Consistent with the previous results (19–22), we found that serum irisin levels were higher in obese healthy children and adolescents than in healthy subjects and were positively associated with BMI. Although this finding may be expected given the increase in muscle mass (30), increased secretion from adipose tissue is another possible source of increased circulating irisin in obesity. A molecular animal-based study confirmed the contribution of adipose tissue to circulating irisin levels (31). In rats, secretion of irisin was higher from white adipose tissues of diet-induced obese compared to lean controls (31). A study including 145 female adults reported that both fat mass and fat-free mass positively correlated with irisin levels (32). In adolescents, increased body fat mass rather than BMI was an independent factor for increased irisin levels (21). The results of previous studies and ours suggest that increased irisin may compensate for increasing body mass, especially body fat mass in obese individuals, to maintain the balance of energy storage and expenditure. It is also suggested that increased irisin in obesity may be to overcome insulin and irisin resistance (7), similar to well-documented leptin resistance in obesity (33). Although we have not collected the data on physical activity, the association between irisin and BMI in children and adolescents should be cautiously interpreted according to physical activity. One study showed that adolescents who engaged in regular physical activity had higher levels of irisin than sedentary adolescents (21). Another study found significant interactions between circulating irisin concentrations and physical activity on BMI in children (34).
We found a positive correlation between irisin and glucose and HOMA-IR in children and adolescents. In a large study of 618 Korean adolescents, circulating serum irisin positively correlated with glucose, insulin, and HOMAR-IR (21). Elevated serum irisin was associated with increased risk odds of having obesity (OR = 2.2) and metabolic syndrome (OR = 2.0) (21). However, different results were reported in children of different ethnicities and ages. In a cohort study of 153 Saudi children, circulating irisin negatively correlated with HOMA-IR (35). In prepubertal children, circulating negatively correlated with fasting glucose, and children with metabolic syndrome exhibited lower irisin concentrations than those without (36). Notably, the significant association between irisin and HOMA-IR was not observed after controlling for BMI in the previous study (21, 35) and ours. In the pediatric population, serum irisin may be more likely to be strongly associated with body mass and composition than metabolic disease.
In this study, serum irisin levels were negatively correlated with HDL cholesterol and significantly higher in subjects with dyslipidemia. In children, serum irisin negatively correlated with HDL cholesterol (22, 37) and positively correlated with LDL cholesterol (22) and triglyceride (22). One adult study evaluated the association between irisin and lipoprotein subparticles (38). In that study, serum irisin was positively correlated with HDL cholesterol, primarily large HDL particles. Literature suggests a potential role of irisin in cardiac function and cardiovascular diseases. In rats, more irisin is produced in the cardiac muscle than in the skeletal muscle, and serum irisin increased after exercise, higher in younger than older rats (39). In humans, the dysfunction of irisin has been shown to be involved in cardiovascular diseases such as hypertension, coronary artery disease, and myocardial infarction (40). In children, irisin levels were significantly correlated with systolic, diastolic blood pressure, and circulating endothelial progenitor cell levels (37, 41).
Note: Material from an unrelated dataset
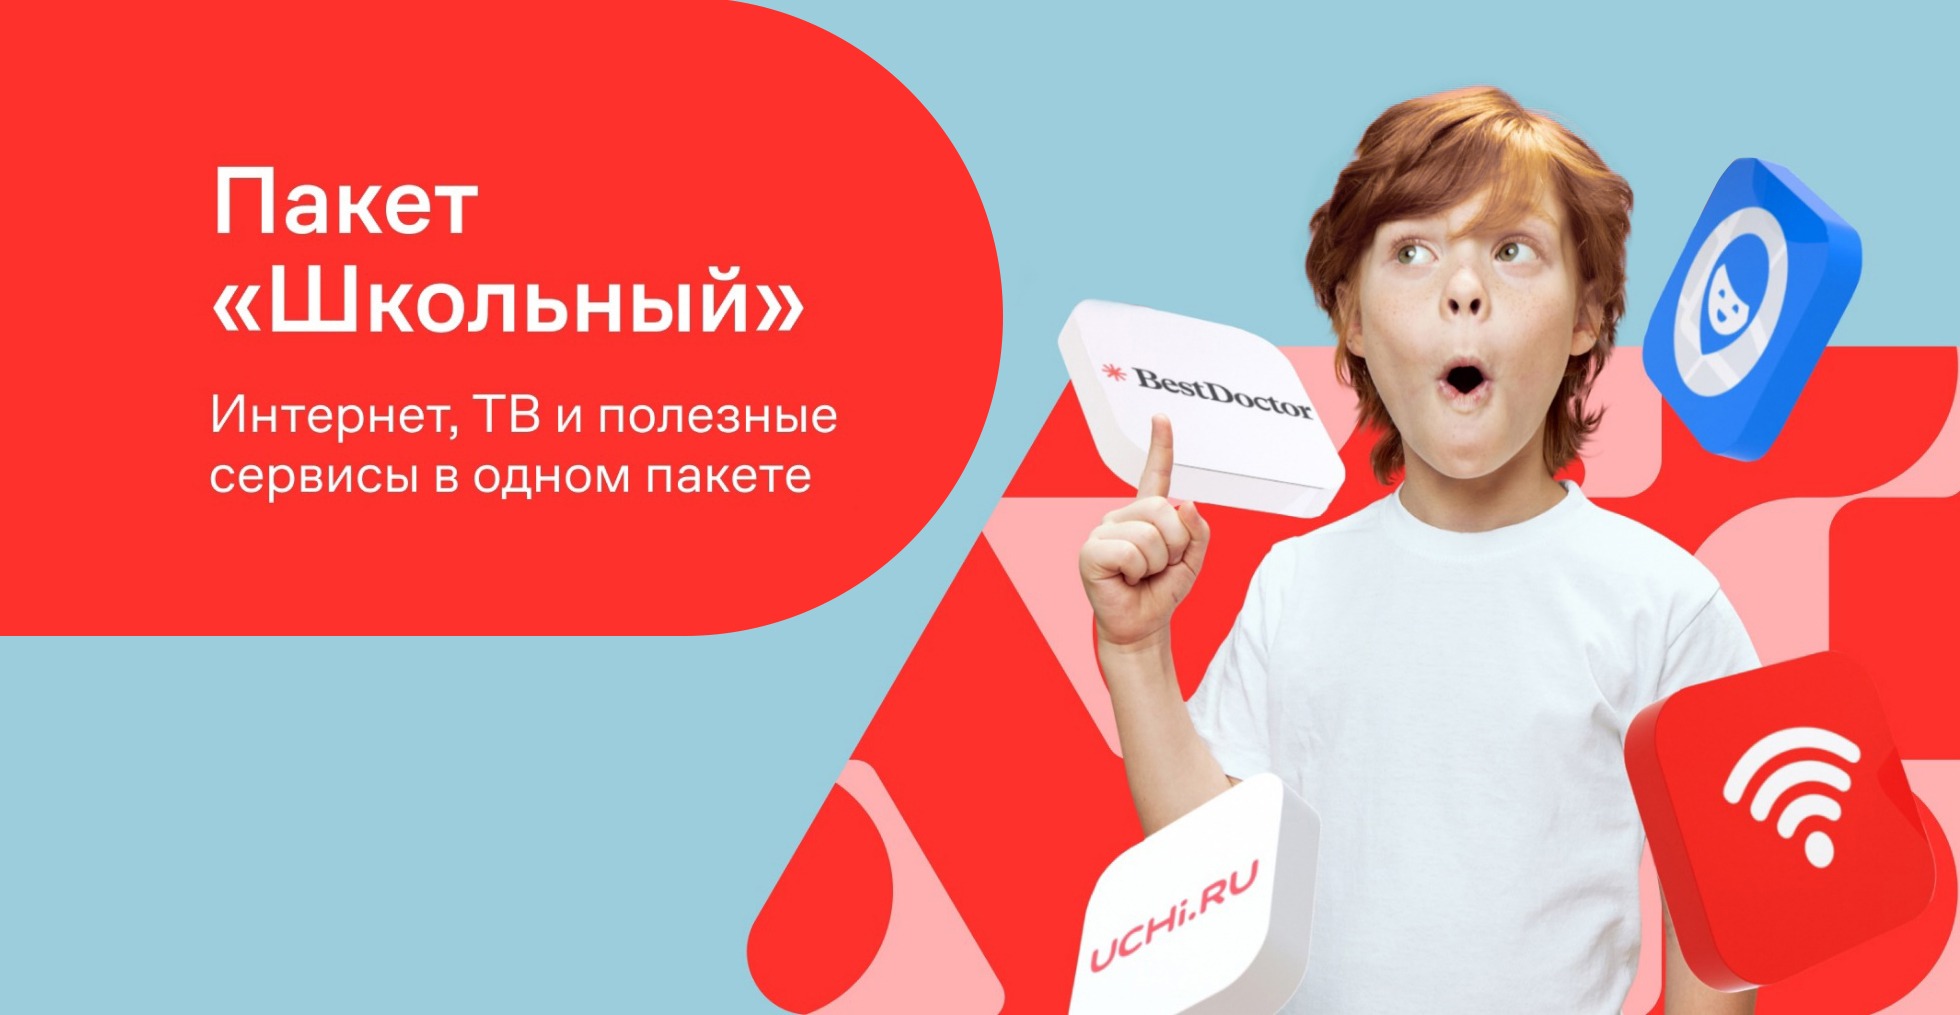 Дом.ру и цифровой центр «IT-CUBE» обучили детей безопасному поведению в интернете

We found serum irisin levels positively correlated with osteocalcin in children and adolescents. This finding was consistent with a recent study evaluating 34 healthy children (24). ALP, another osteoblast differentiation marker, did not correlate with serum irisin in the previous study (24) and ours. We found no significant association between irisin and 25(OH)-Vitamin D in children and adolescents. A negative association between irisin and 25(OH)-Vitamin D was reported in children with type 1 diabetes mellitus (42) and Charcot-Marie-Tooth disease (43). In contrast, another study showed that vitamin D supplementation in patients with hypovitaminosis associated with primary hyperparathyroidism increased serum irisin levels (44). Based on these findings, disease type may influence the relationship between irisin and vitamin D. In this study, BMD positively correlated with serum irisin but did not correlate with ALP. Our result was consistent with two recent studies in healthy children of 6–8 years (23) and those of 7–13 years (24). Multivariate regression indicated that irisin was the more powerful determinant of bone mineral status than bone ALP (24). In post-menopausal women, it is negatively associated with vertebral fragility fractures (45, 46). In mice, exercise increased the expression of FNDC5/irisin and osteocalcin in bone tissues (47). Overall, these results suggest that encouraging children to exercise may preserve their bone health, and this could also apply to pediatric pathologic conditions at high risk of poor bone health (48).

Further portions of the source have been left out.